# INPUT DATA:
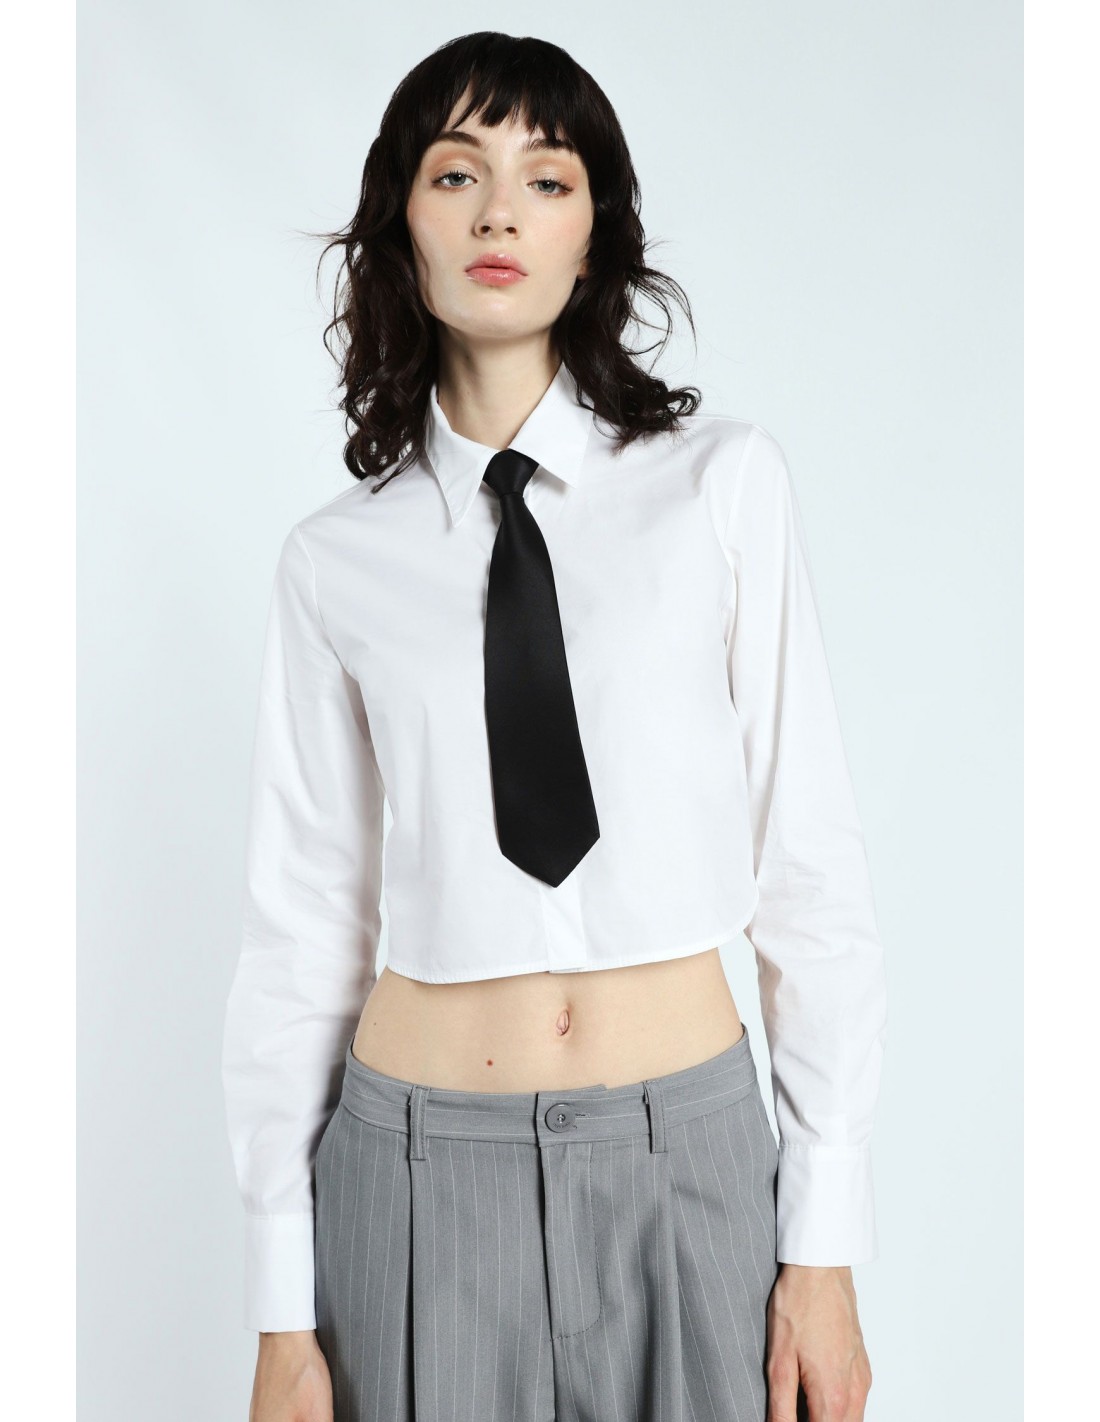 Imperial femme chemise blanche longueur courte avec cravate noire
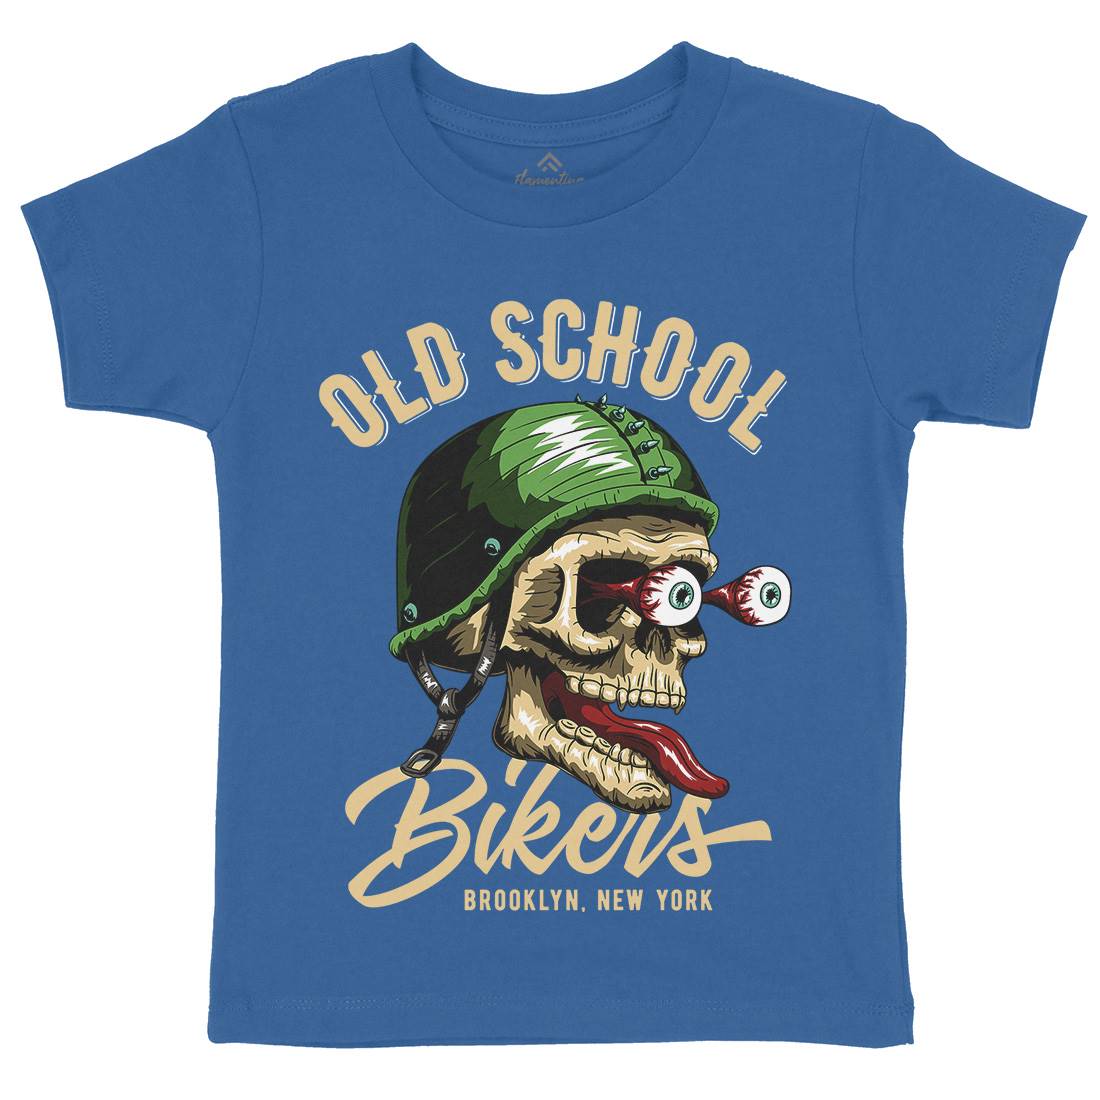 Oldschool Biker Kids Organic Crew Neck T-Shirt Motorcycles C812
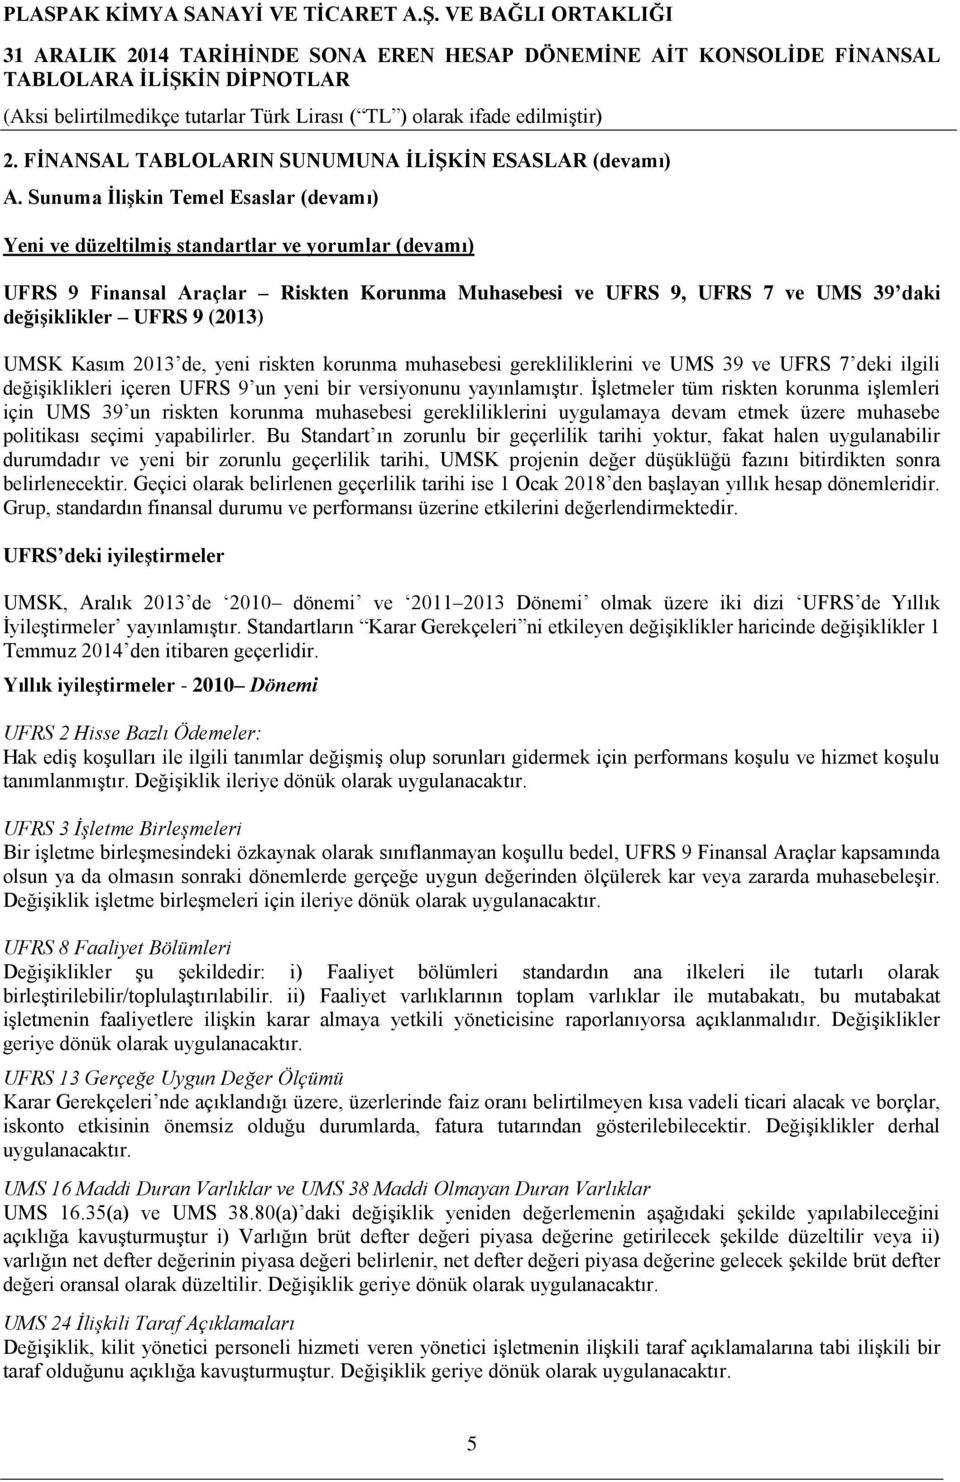 (2013) UMSK Kasım 2013 de, yeni riskten korunma muhasebesi gerekliliklerini ve UMS 39 ve UFRS 7 deki ilgili değişiklikleri içeren UFRS 9 un yeni bir versiyonunu yayınlamıştır.

# TASK TO COMPLETE:
Pictures are to be omitted; otherwise, every line from the first line of the listing through the line containing "Oldschool Biker Kids" must be reproduced exactly, both ends included.

# RESULT OF THE TASK:
 Imperial femme chemise blanche longueur courte avec cravate noire
 Oldschool Biker Kids Organic Crew Neck T-Shirt Motorcycles C812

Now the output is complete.